Hundreds of marijuana shops are operating illegally in Los Angeles, and a City Council committee Friday recommended new actions to shut down the unlicensed businesses, including having them barricaded or padlocked, imposing a series of escalating fines for their employees and shutting off utility service.
Los Angeles City Attorney Mike Feuer announced last month that his office, in coordination with the Los Angeles Police Department, has filed 120 criminal cases against 515 defendants associated with 105 illegal commercial cannabis locations across the city since January.
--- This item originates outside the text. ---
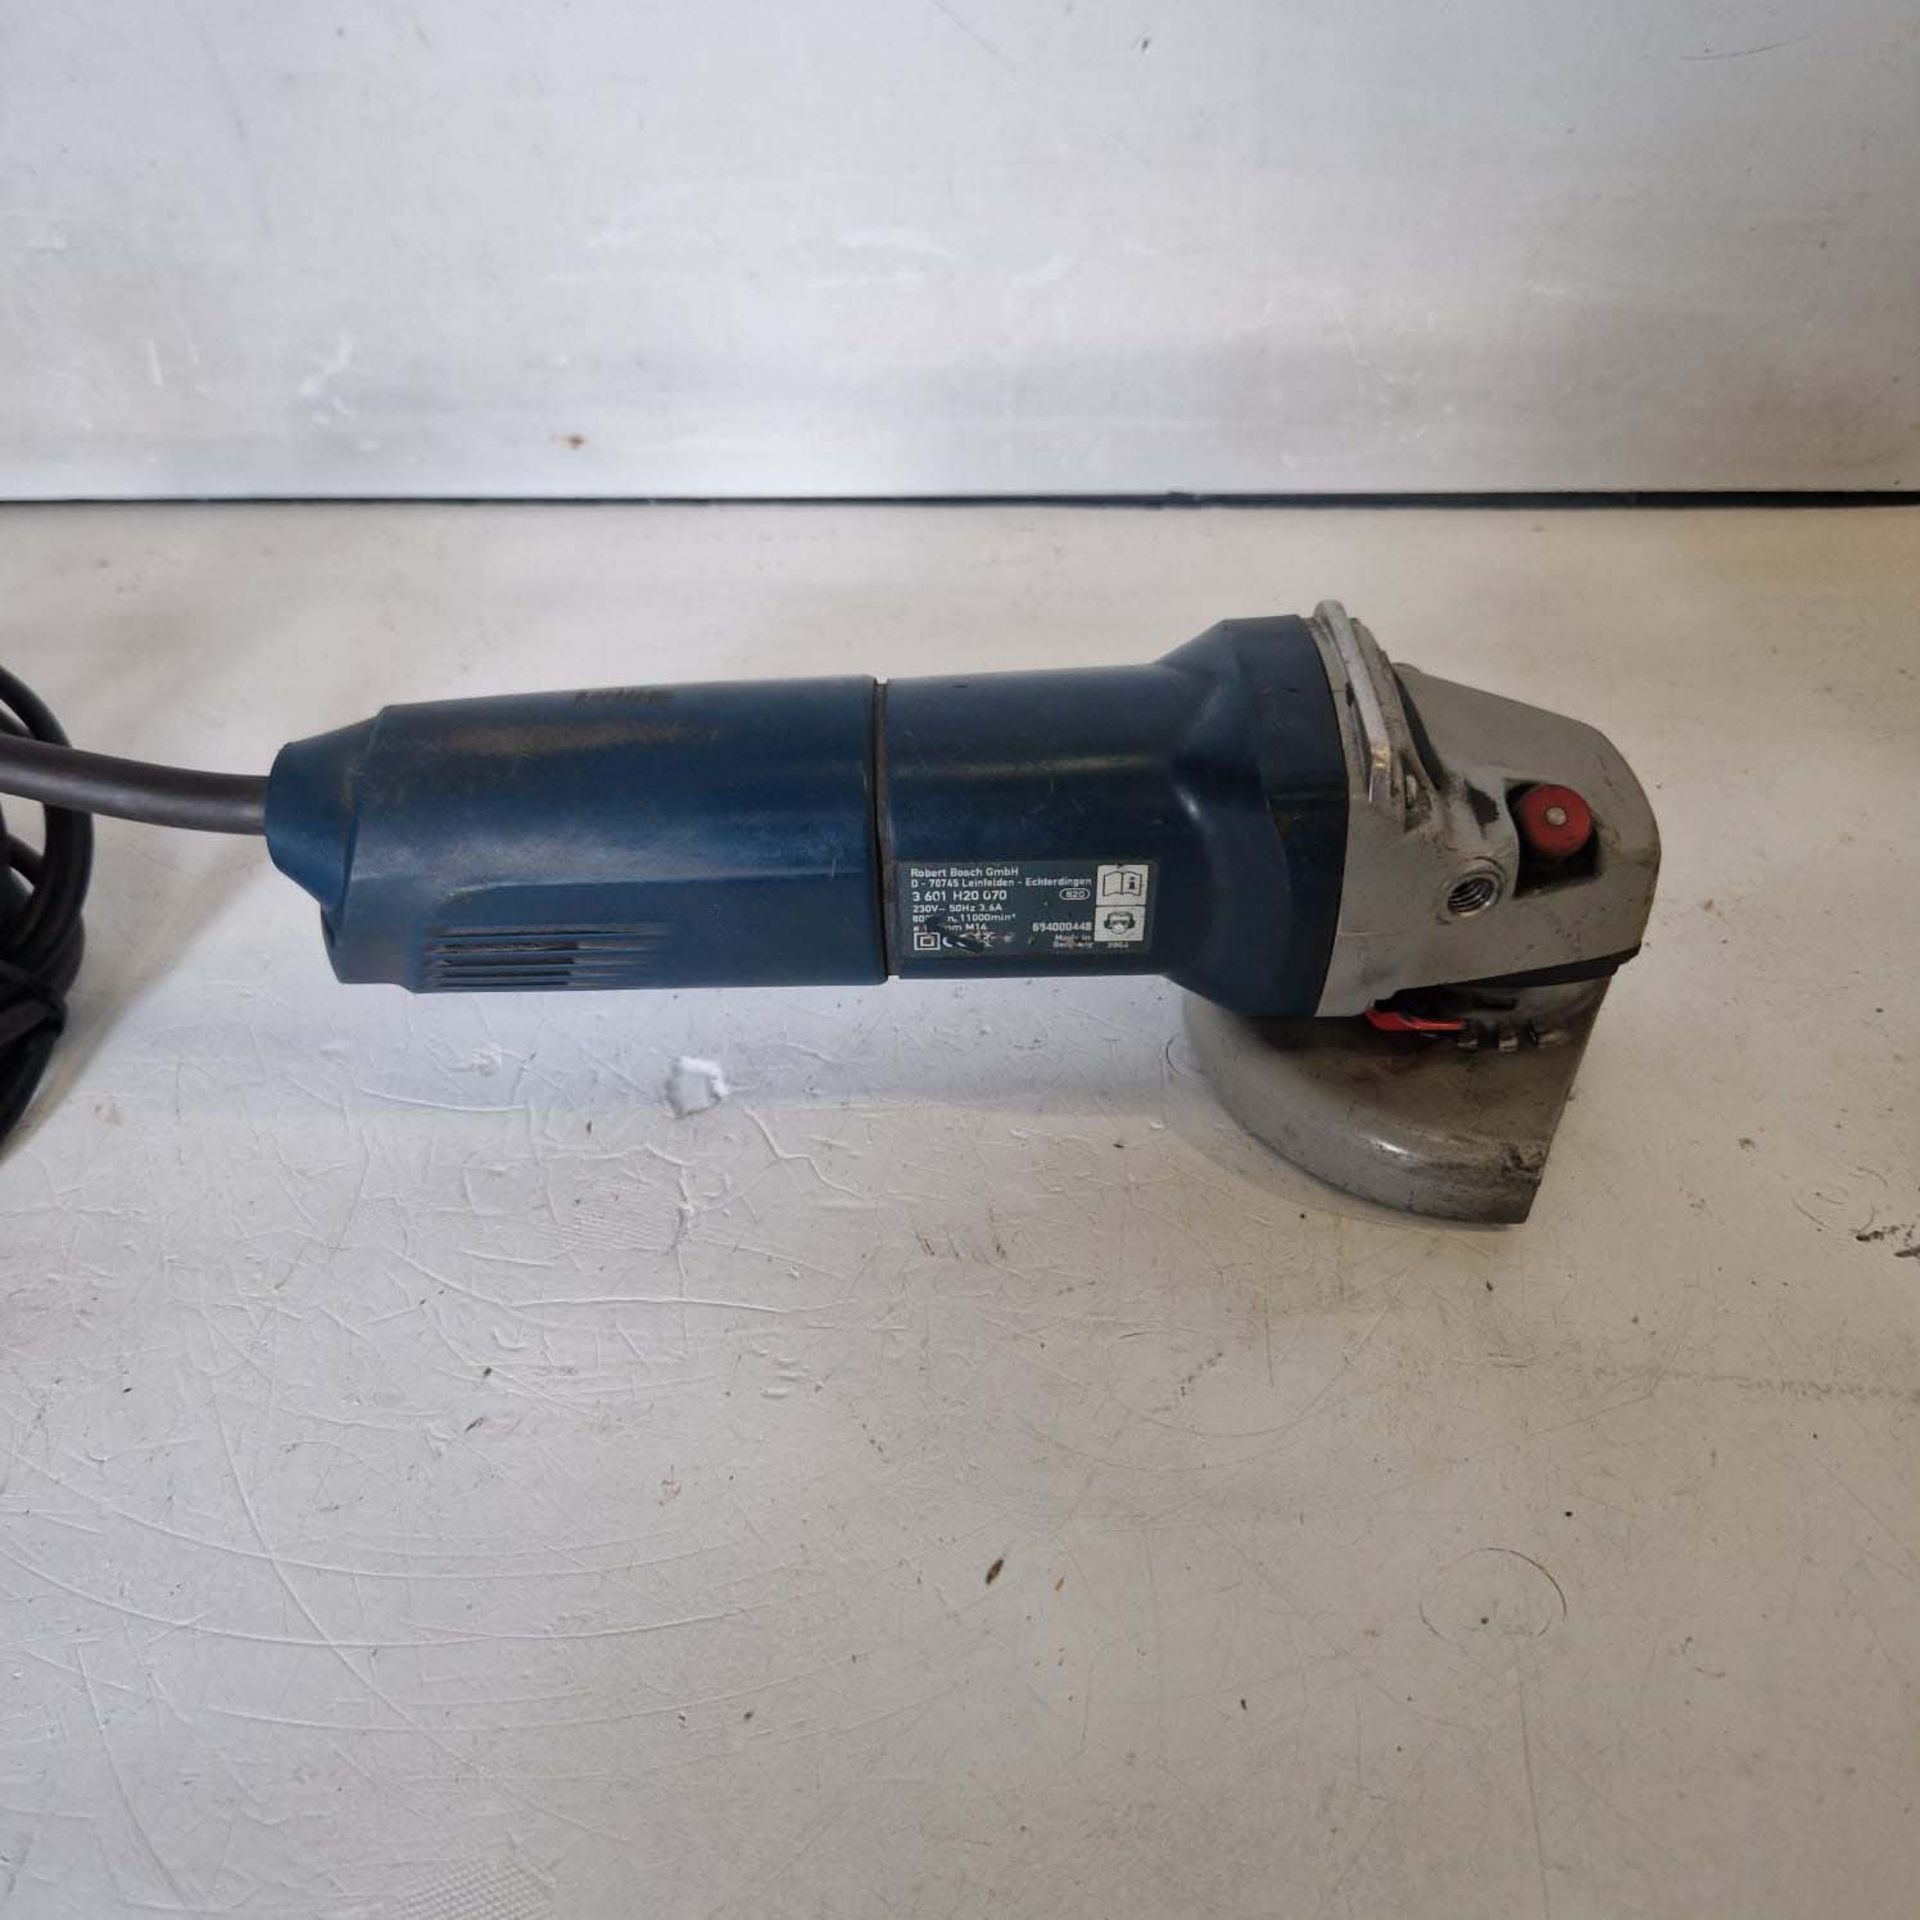 Bosch Model GWS 8-115 Professional Angle Grinder. 115mm Dia x 14mm. 230Volt. 800Watts. - Image 3 of 4

Closing down illegal pot shops has proven to be a challenge for the city, as it often involves an undercover police operation and other significant law enforcement resources. There are 169 cannabis-related business currently operating legally in the city, according to the Department of Cannabis Regulation, but LAPD Chief Michel Moore said last month that there are hundreds believed to be operating illegally.
During a meeting of the Rules, Elections and Intergovernmental Relations Committee, Council President Herb Wesson said the city should consider forming a special task force dedicated to closing rogue shops and that a future committee meeting will likely focus on that topic.
“On enforcement, do we need to put together a special task force or something that really goes out, identifies these areas and tries to protect the businesses that are playing by the rules?” Wesson said.
Councilman Marqueece Harris-Dawson pointed out that Measure M, which was approved by Los Angeles voters last year, has a provision where landowners with unlicensed cannabis businesses located on their property can be fined up to $20,000 per day for the activity. But he appeared frustrated after being told by a representative of the city attorney’s office that no one has yet been fined under that provision.
“That was a very, very important provision and one way to cause, at least voters in my district, to believe that a lot of these rogue shops would be dealt with,” Harris-Dawson said.
Capt. Stephen Carmona, commanding officer of the LAPD’s Gang and Narcotics Division, told the committee that the department currently is focused on targeting shops where significant criminal activity is taking place, and that the decision on what constitutes significant activity is up to the commander of the area.
Since marijuana became legal for sale in the state on Jan. 1, Carmona said 131 search warrants have been served at unlicensed pot shops, resulting in 428 arrests, including 180 felony arrests, and the seizure of 67 firearms, 34,000 pounds of cannabis and more than $600,000 in currency.
Carmona added that only a handful of those arrested have had criminal felony charges filed against them, and that those charged with misdemeanors appeared undeterred by the light charge to cease working at or operating the business.
Harris-Dawson — who has frequently talked about the negative impact the war on drugs has had on minority communities and has advocated for a special cannabis sales tax to support neighborhoods affected by it — introduced two of the motions approved by the committee, and wrote in one of them that a significant number of the people charged by Feuer’s office are employees of the businesses, not the owners. The motion says that property and business owners should bear the majority of the responsibility for illegal cannabis operations, and “not the people who work for them.”
The motion says the ability to criminally charge employees should still be an option, but also proposes using the city’s Administrative Citation Enforcement Program to discourage repeat offenses by creating escalating fines based on the number of times an individual has been cited.
“I’m afraid that going forward, going into dispensaries and arresting people and catching them doing other things, that’s not too much different that what we did in the war on drugs. We found people who were dealing drugs and we arrested them,” he said. “And so that’s an important component, but it’s got to be joined with all of the things that the voters put forward in Measure M.”
The ACE program was approved by the City Council in 2014 and is meant to give police and Department of Animal Service officers a middle option for nuisance infractions and other quality-of-life concerns between issuing a warning and criminally citing an offender, as officers are often hesitant to take action that could trigger a misdemeanor citation for certain low-level offenses such as a loud party, having a dog off a leash or drinking in public. ACE citations are not handled through the criminal courts but administratively through the city’s ACE program. Fines can escalate up to $1,000 for a third offense under the ACE program.
A second Harris-Dawson motion approved by the committee would have the Department of Building and Safety vacate and secure properties that fail to comply with administrative nuisance abatement decisions made by the Planning Commission, and says the city should establish a similar procedure for closing and securing illegal cannabis businesses that have been ordered to shut down, including barricading, padlocking, or fencing them.
The committee also approved a motion introduced last month by Councilwomen Nury Martinez and Monica Rodriguez to have the Water and Power and Cannabis Regulation departments report on the viability of implementing an ordinance that allows the city to disconnect or shut off utility service to unlicensed businesses.